Feeling a slight wrench as we were called away to our table, Larsson helped us through our charcuterie bar loss with a glass of Ruinard Blanc de Blancs – one of the throughbreads of the Champagne region and a refined, elegant, sharply structured fizz. It’s a fancier Champagne but I preferred the Andre Clouet – still, with the starters, Larsson thought it best. Indeed, shunning wine entirely for the Ruinart was a good move where my – wait for it – pike custard with King’s Lynn brown shrimps, crustacean velouté and sourdough toast was concerned. Sticking with bubbles kept us fresh and our palates zingy where the hollandaise-esque custard (actually very delicious, a bit like omelette Arnold Bennett, a creamy egg dish with smoked mackerel) could have cloyed and thickened the taste buds. My friend had indecently rich Herefordshire snails (with garlic jus, parsnip purée, Mas air dried ham and country croutons), also benefiting from the Ruinart’s sophisticated, lean zing.

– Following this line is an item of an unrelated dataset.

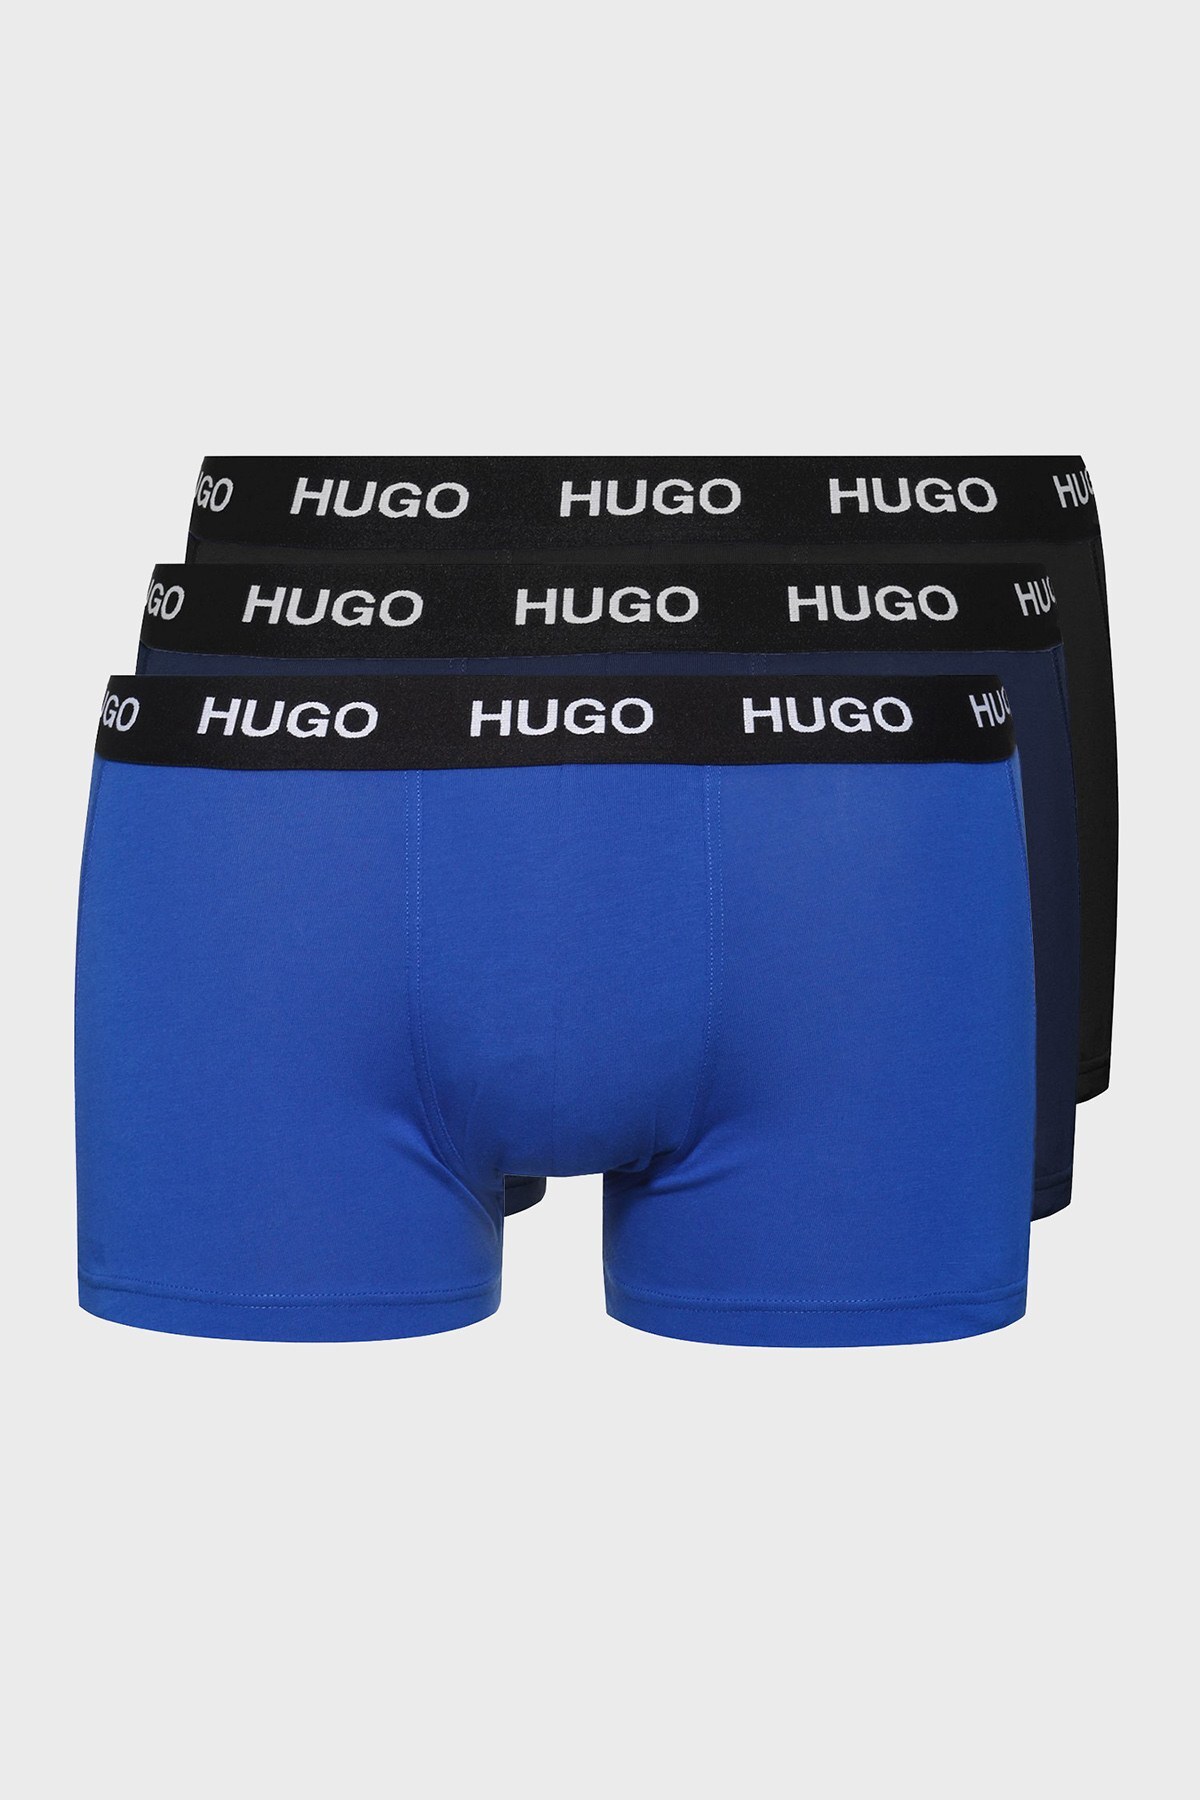 Hugo Esnek Pamuklu 3 Pack Erkek Boxer 50449351 966 Siyah-Lacivert-Saks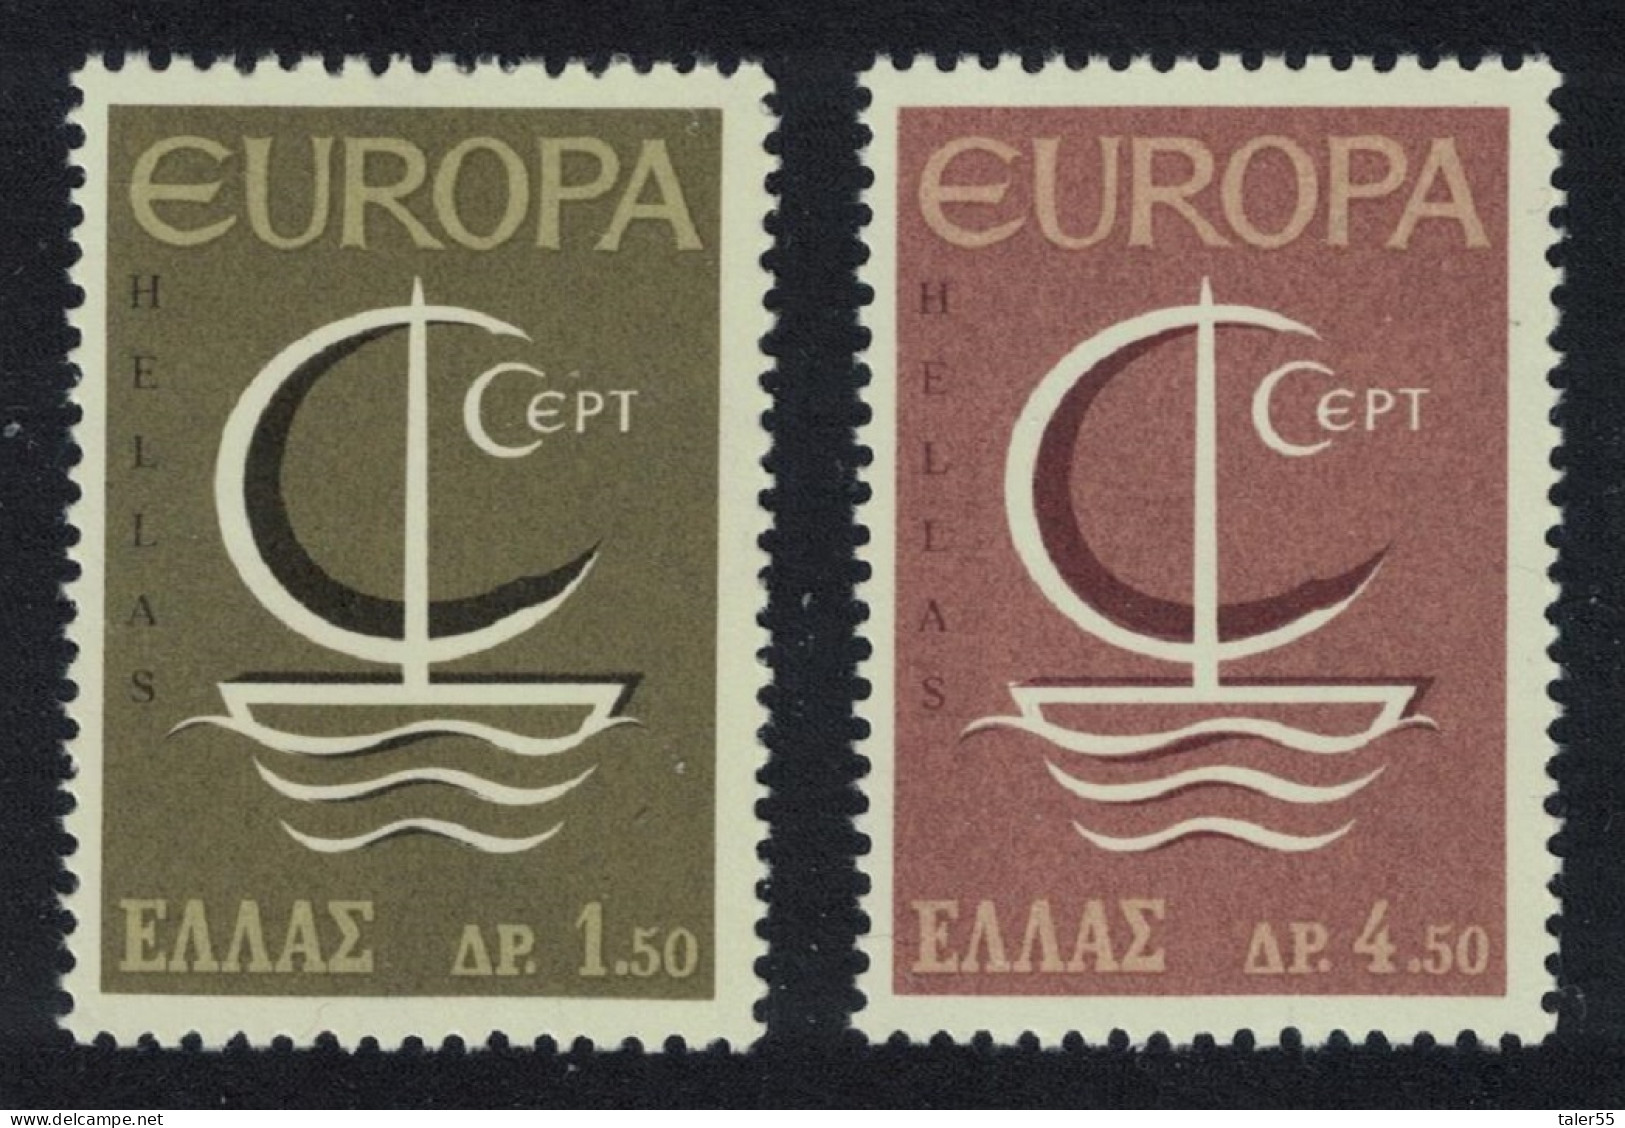 Greece Symbolic Ship Europa 2v 1966 MNH SG#1021-1022 MI#919-920 Sc#862-863 - Ungebraucht

For our mains, Larsson proffered 1998 Veuve Cliquot La Grande Dame. Before this visit, I’d have said that Veuve was my least favourite Champagne: crassly acidic, like being punched in the face or having lemons squeezed in your eyes. Post-visit, I have new respect for it, as the 1998 was a Champagne as big and rich as the best of them – strong and muscular but rounded and rich, too. It was a fitting counterpoint for my drop dead gorgeous Scottish beef and foie gras cottage pie, served with chanterelles (when I visited, it was the end of black truffle season: imagine). Be sure you order this – it’s as rich and fantastic and naughty as it sounds. There are other tempting Gallic dishes: cassoulet, lamb stew and so on. But – judging from my companion’s pan-fried black bream with braised fennel – they’re not nearly so exciting. Following the Grande Dame we had a showstopping sweet Champagne: a wondrous encore from Veuve in the form of the demi-sec. Whatever else you have, try this.

Le Balcon lacks Soho cool or Mayfair snobbery. But by God it’s good for a hair letting-down session – just don’t expect to feel slim when you leave.